**What you will do**
A word-for-word copy of the listing is required, and it must contain no pictures.

**Supplied data**
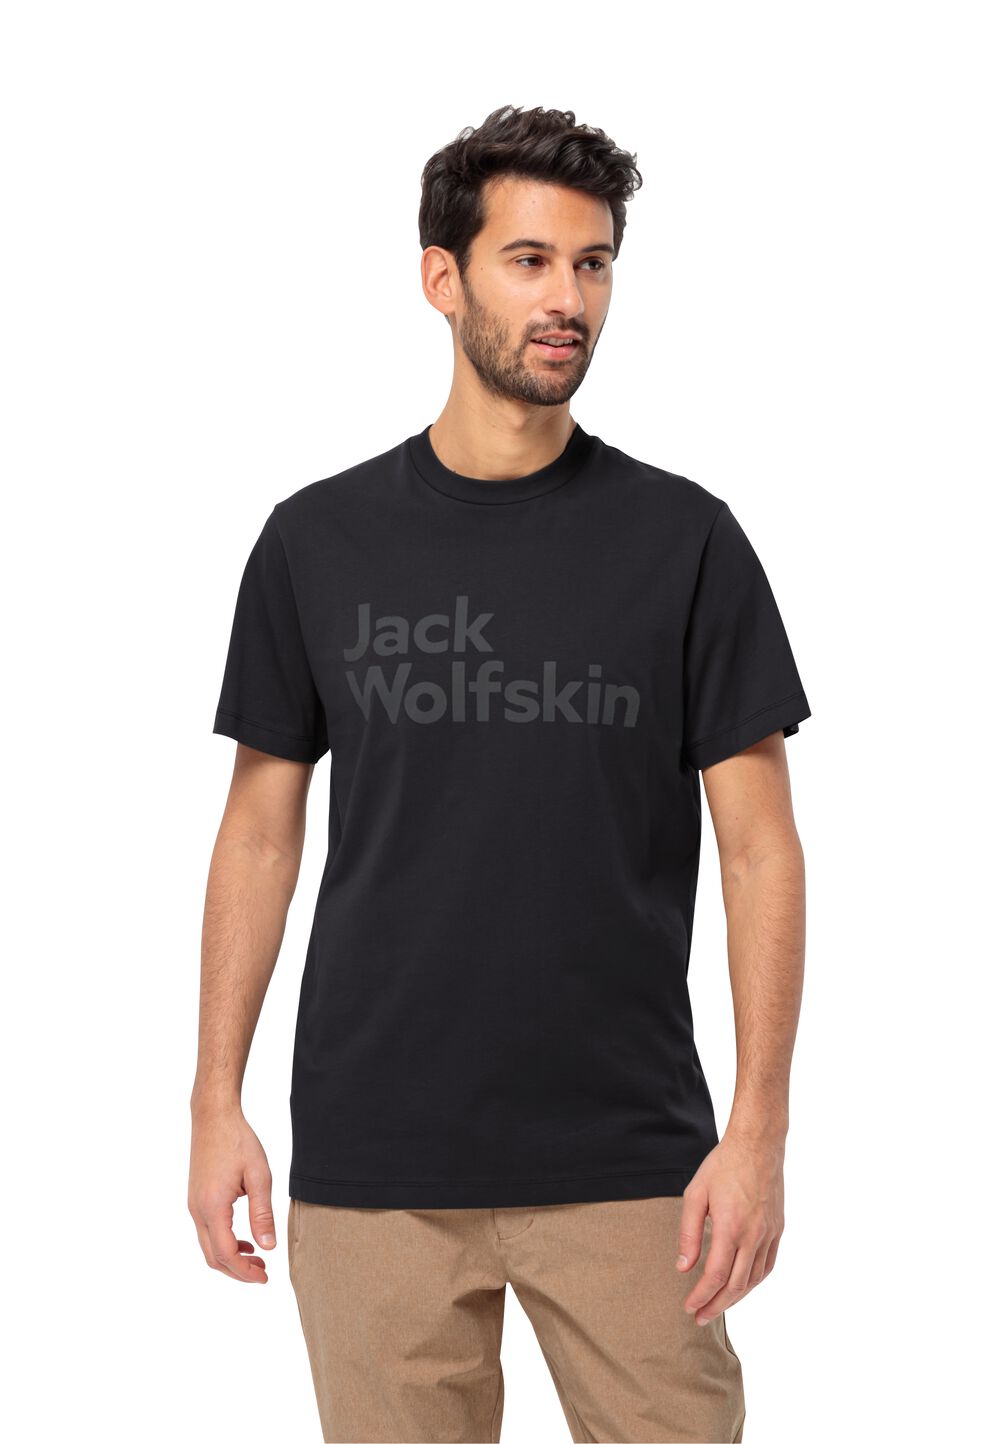 Jack Wolfskin T-Shirt aus Bio-Baumwolle Herren Essential Logo T-Shirt Men XXL schwarz black von Jack Wolfskin
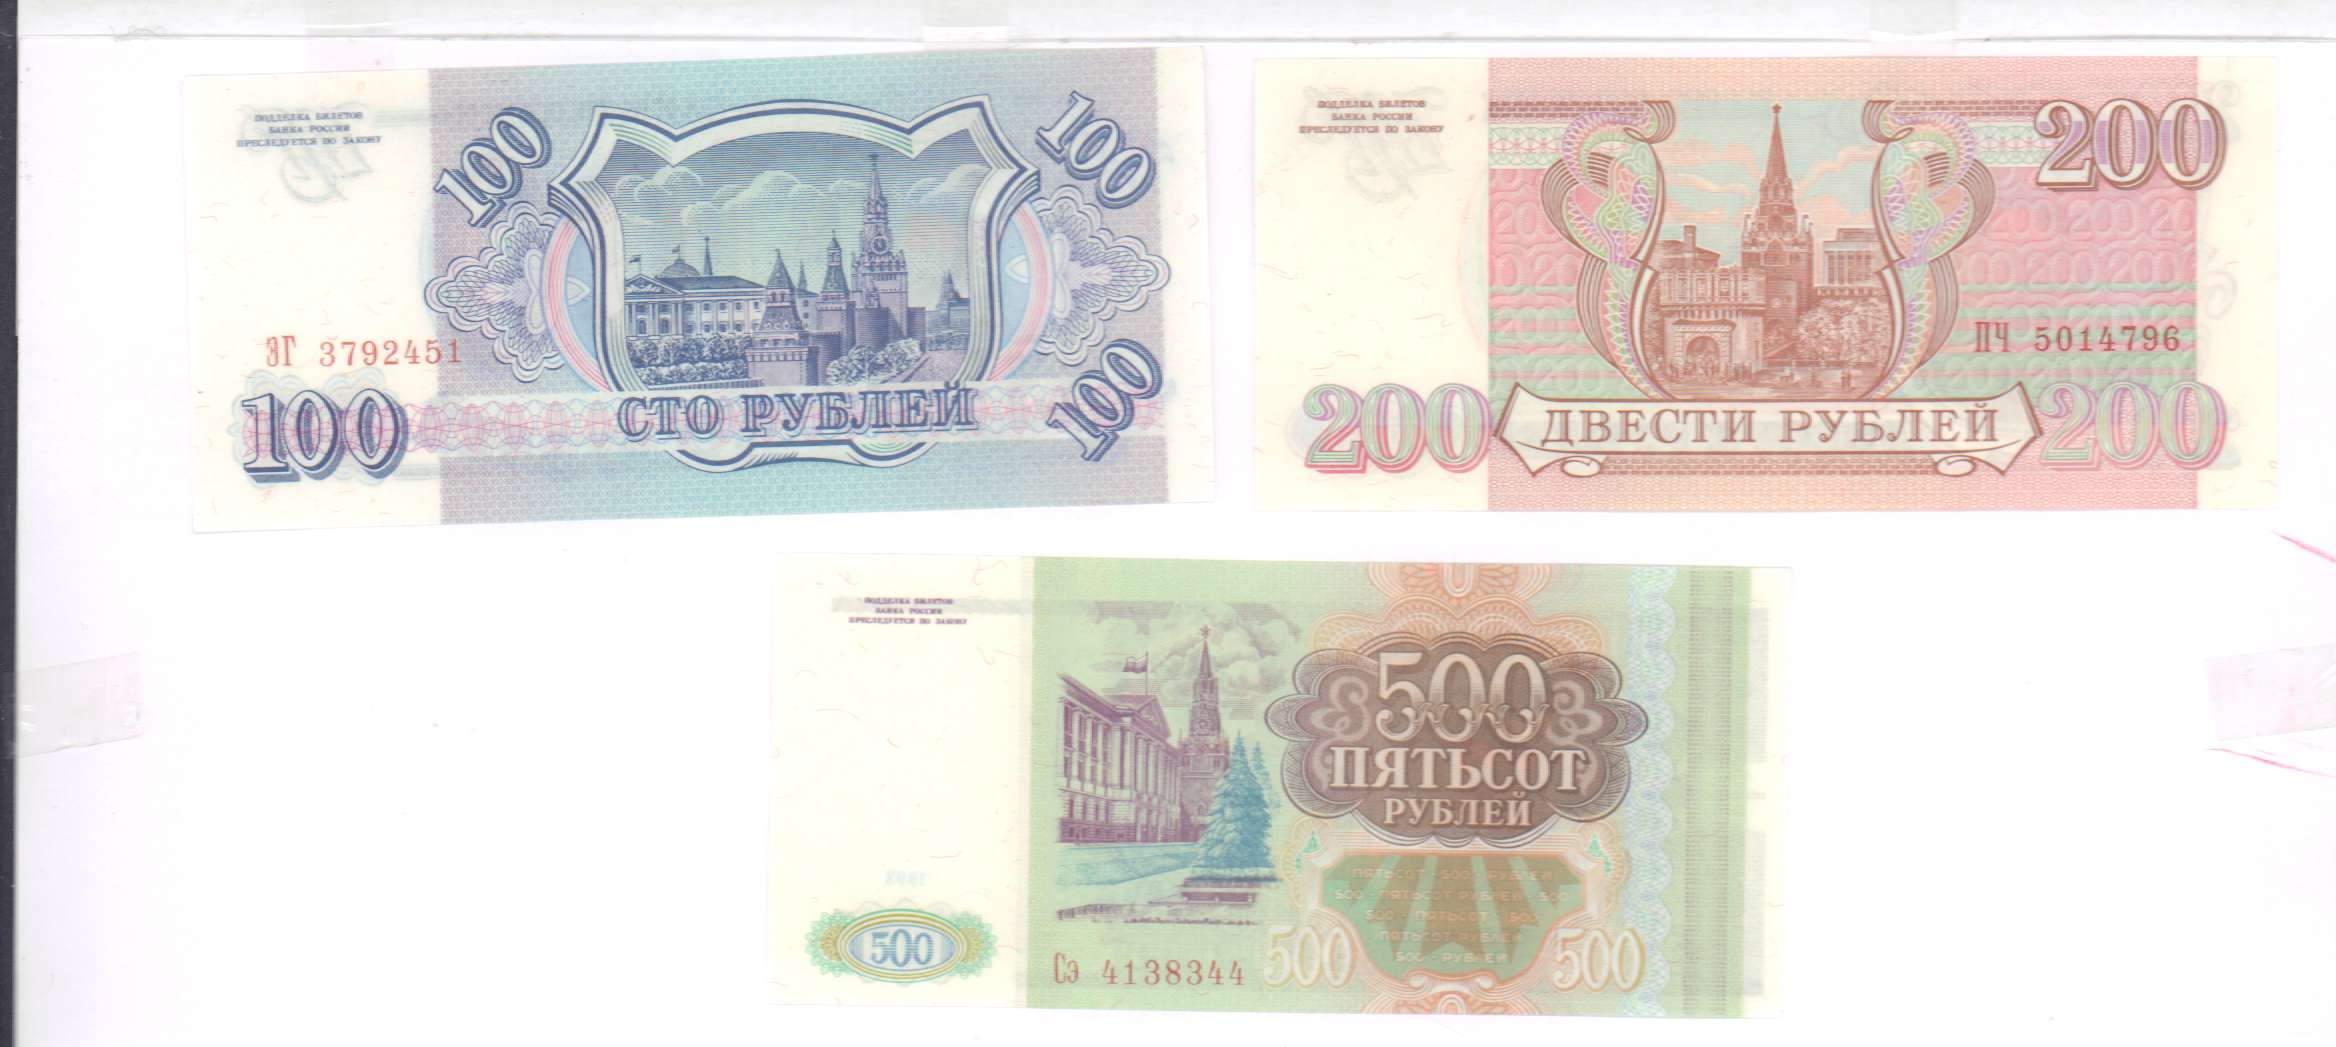 80 рублей 30. 100 Рублей 1993 Аверс-Аверс. 100 Рублей 3 штуки. 500 Рублей 3 штуки. Как выглядят билеты банка России с кюаркодом.
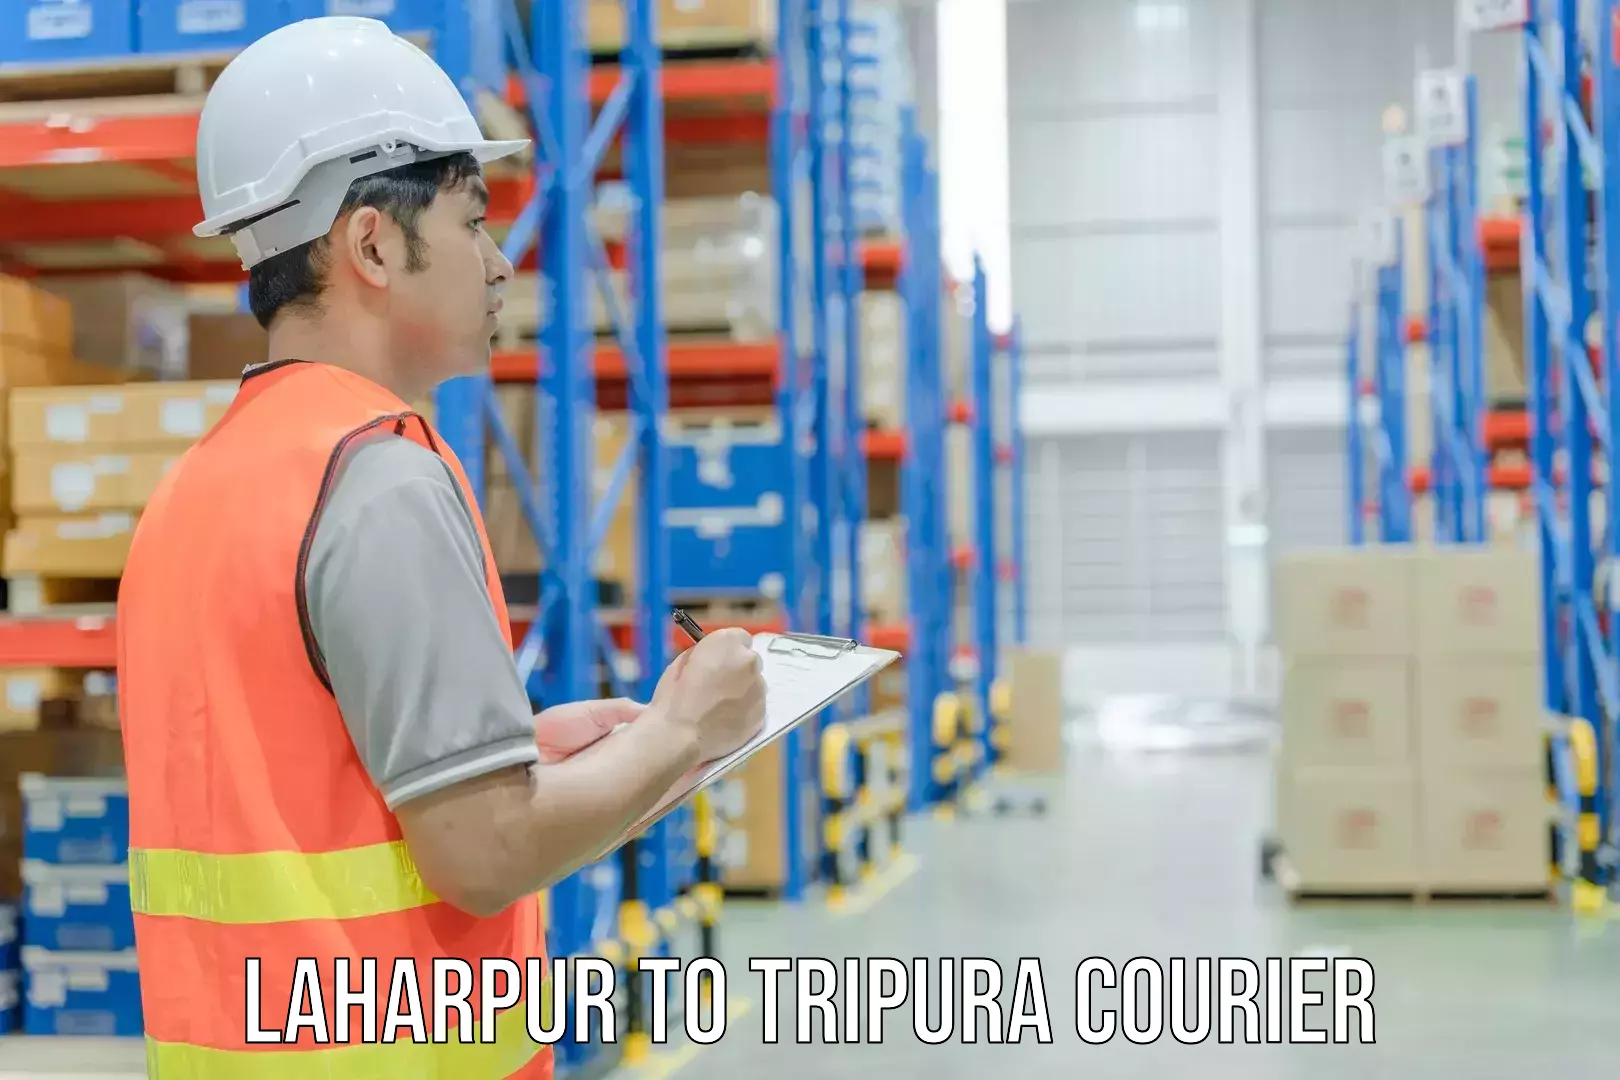 Business shipping needs Laharpur to Santirbazar

**Response for this exercise**
 Jack Wolfskin T-Shirt aus Bio-Baumwolle Herren Essential Logo T-Shirt Men XXL schwarz black von Jack Wolfskin
 80 рублей 30. 100 Рублей 1993 Аверс-Аверс. 100 Рублей 3 штуки. 500 Рублей 3 штуки. Как выглядят билеты банка России с кюаркодом.
 Business shipping needs Laharpur to Santirbazar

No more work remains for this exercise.